Opened 10 years ago
Last modified 9 years ago
#14075 new defect
Windows VM crashes Debian host, NMI for unknown reason points to "vboxdrv"
Reported by: | Denis Kozlov | Owned by: | |
---|---|---|---|
Component: | other | Version: | VirtualBox 4.3.26 |
Keywords: | Crash, Dump, NMI, Windows, Linux, Debian, Interrupts, vboxdrv | Cc: | |
Guest type: | Windows | Host type: | Linux |
Description
The first time the crash occurred was about a month ago, the host was running Debian 6 and latest (at that time) VirtualBox. Since then, host was wiped and Debian 7 was installed with latest VirtualBox 4.3.26. A crash occurred again recently and so I started investigating.
Crashes seem random. Windows VM was the only VM on the host at the time of the second crash, it was just applying Windows updates. Reverting to a previous copy of VM and reapplying the same Windows updates again did not cause the crash again. Nothing appears in the logs at the time of a crash (both Linux and VirtualBox logs).
The suspect lines extracted from dmesg
:
[50414.144741] warning: `VBoxHeadless' uses 32-bit capabilities (legacy support in use) [50415.090400] EXT4-fs (md0): Unaligned AIO/DIO on inode 4194333 by AioMgr0-N; performance will be poor. ... [63477.985050] Uhhuh. NMI received for unknown reason 31 on CPU 4. [63477.985073] Do you have a strange power saving mode enabled? [63477.985094] Dazed and confused, but trying to continue [68728.724996] Uhhuh. NMI received for unknown reason 21 on CPU 7. [68728.725021] Do you have a strange power saving mode enabled?
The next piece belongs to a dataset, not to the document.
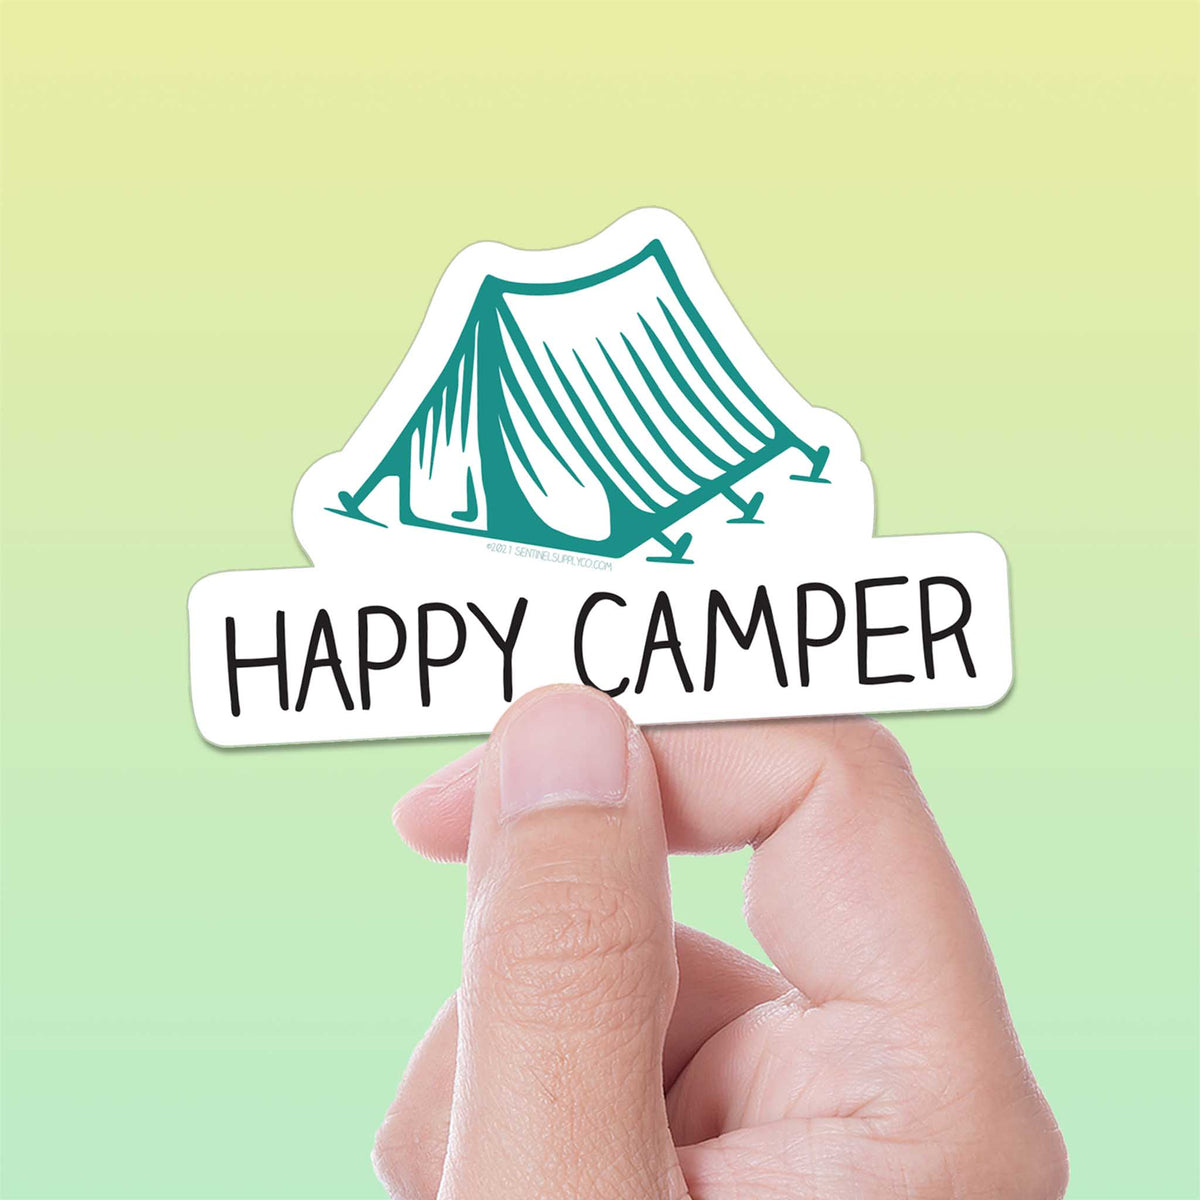 Happy Camper Tent Camping Bumper Sticker for Car

To trace NMI for unknown reason, I have enabled crash dump using "kdump", set "kernel.unknown_nmi_panic=1" and "kernel.panic_on_unrecovered_nmi=1" in "/etc/sysctl.conf", and let VM run with HeavyLoad from JAM Software (CPU, memory, file writes and disk access). This crash is now reproducible but it could take anywhere from 1 hour to 1 day of running a VM for a crash to occur.
Call trace from crash dump points to "vboxdrv":
[76034.059602] Uhhuh. NMI received for unknown reason 31 on CPU 3. [76034.059686] Do you have a strange power saving mode enabled? [76034.059766] Kernel panic - not syncing: NMI: Not continuing [76034.059846] Pid: 19036, comm: EMT-4 Tainted: G O 3.2.0-4-amd64 #1 Debian 3.2.65-1+deb7u2 [76034.059937] Call Trace: [76034.060006] <NMI> [<ffffffff8134a53c>] ? panic+0x95/0x1a2 [76034.060157] [<ffffffff81352056>] ? do_nmi+0x151/0x258 [76034.060235] [<ffffffff813517a0>] ? nmi+0x20/0x30 [76034.060312] <<EOE>> [<ffffffffa03f97c6>] ? rtR0MemAllocEx+0x17e/0x1de [vboxdrv] [76034.060470] [<ffffffffa03f05a3>] ? supdrvIOCtlFast+0x75/0x79 [vboxdrv] [76034.060555] [<ffffffffa03ed2a9>] ? VBoxDrvLinuxIOCtl_4_3_26+0x43/0x1eb [vboxdrv] [76034.060645] [<ffffffff811087dd>] ? do_vfs_ioctl+0x459/0x49a [76034.060728] [<ffffffff81039aa2>] ? finish_task_switch+0x4e/0xb9 [76034.060809] [<ffffffff8134fb09>] ? __schedule+0x5f9/0x610 [76034.060892] [<ffffffff81108869>] ? sys_ioctl+0x4b/0x72 [76034.060970] [<ffffffff81355f92>] ? system_call_fastpath+0x16/0x1b
Tested RAM with MemTest86 for days, no problems found. High CPU usage from Interrupts is observed inside the VM as described in Ticket #10611, it might be relevant.
Summary of host specs:
- BIOS: VT-x and VT-d enabled, HT disabled
- Motherboard: Intel Server Board S5520HCT
- CPU: 2 x Intel Xeon E5620, 2.4GHz, 8 cores in total
- RAM: 12 x 4GB (DDR3 1333MHz ECC Unbuffered)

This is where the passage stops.